It's not really that difficult. First, you compare the free parameters in the theory used to explain the acceleration.Question: do you think that one model is "more likely", "more reasonable", "simpler" in the sense of Ockhams razor than the other? How do you calculate and compare the probability of a cosmological constant having a certain value with the probability of sitting near the center of a huge void?
The cosmological constant has one free parameter.
The void model has three free parameters (our position in three spatial dimensions).
Things aren't looking so good for the void model already.
To do this in more detail, it makes sense to compare the fraction of parameter space that is consistent with the model to the entire parameter space. With the void model, this requires some estimate of the frequency of such nearly-spherical large voids, but we can easily provide an extremely pessimistic estimate by taking the maximum value of this frequency that is still consistent with the void model explaining acceleration. We then compare the number of galaxies that lie close enough to the center of such a void to explain the observed acceleration to the total number of galaxies.
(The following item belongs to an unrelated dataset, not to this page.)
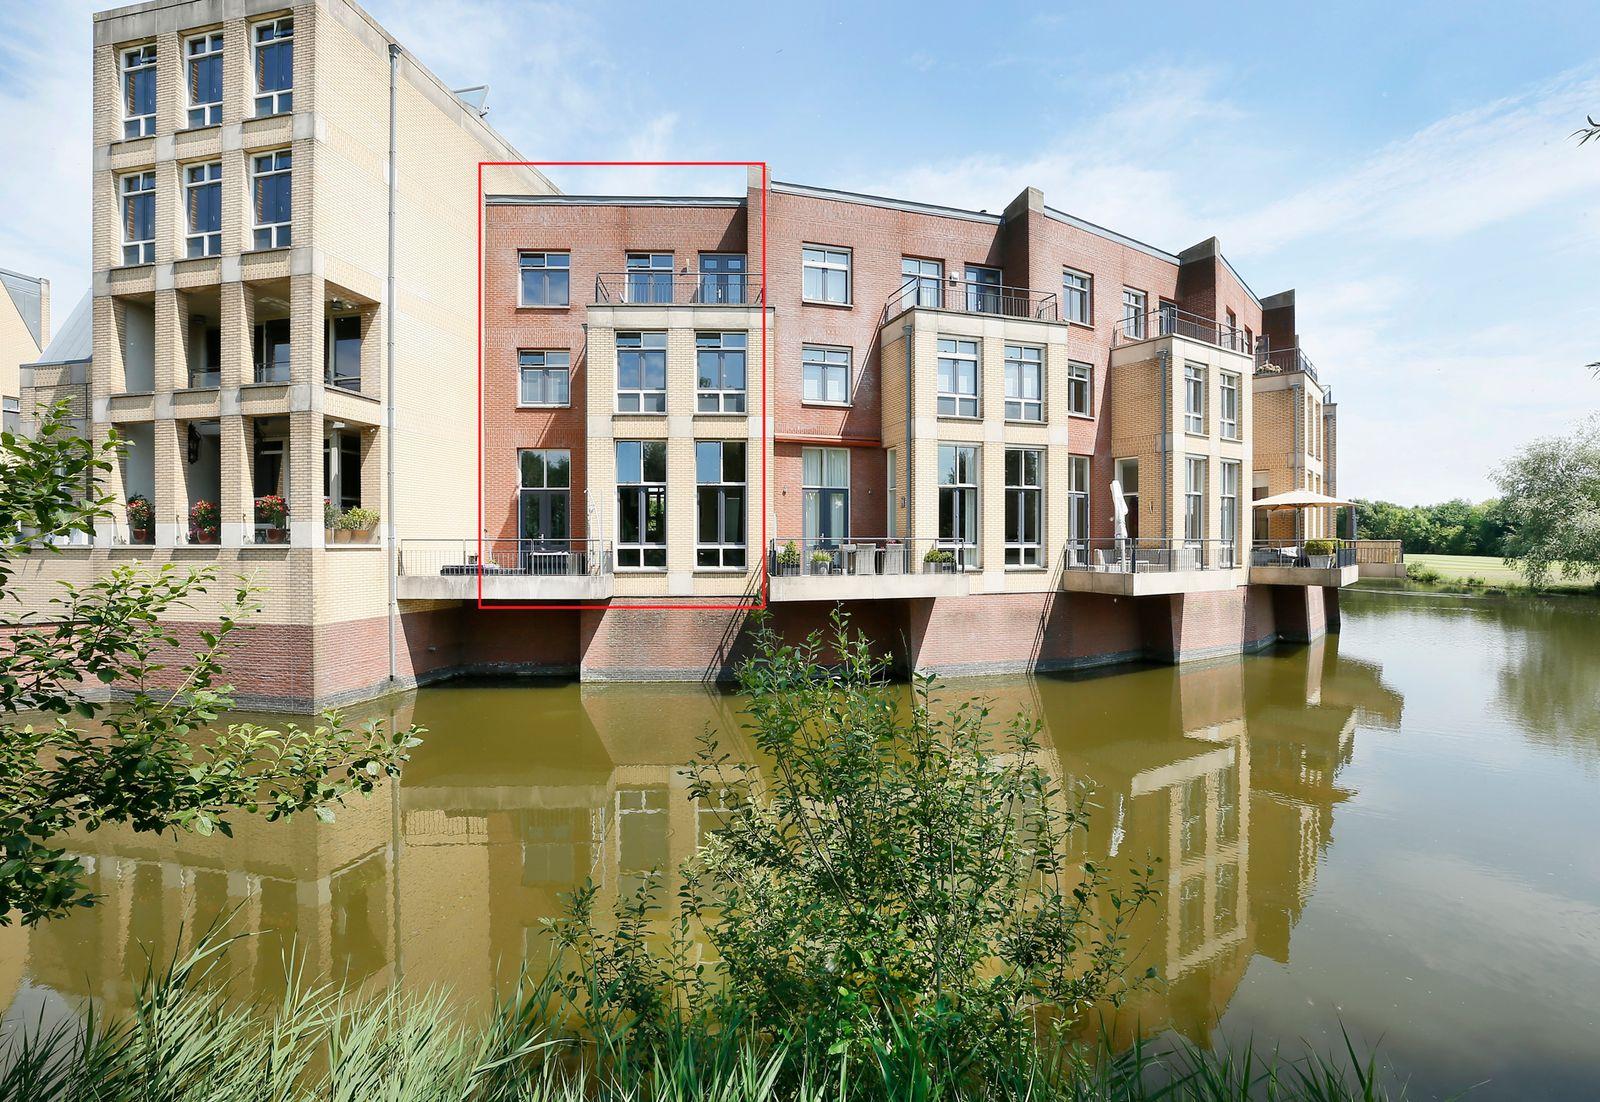 Zwaenenstede 3, 's-hertogenbosch

This gives a rough estimate of how likely the model is.
To contrast this, we can compare the current error bars on the cosmological constant to the available parameter space for the cosmological constant that is consistent with an old universe that forms galaxies.
Now, I haven't done the numbers here, but I'd be willing to bet that the void model will end up with a much, much lower likelihood than the cosmological constant.
Bear in mind that the numerator of this fraction that makes up the likelihood depends upon experimental precision, so we can't take the likelihood itself as being physical, just a means of comparing between different models.
Using this sort of analysis, it is not at all difficult to compare models even when the experimental support for two competing models is identical. The result may, in some cases, be ambiguous, but it's still possible to do the comparison, and certainly not outside of the realm of science.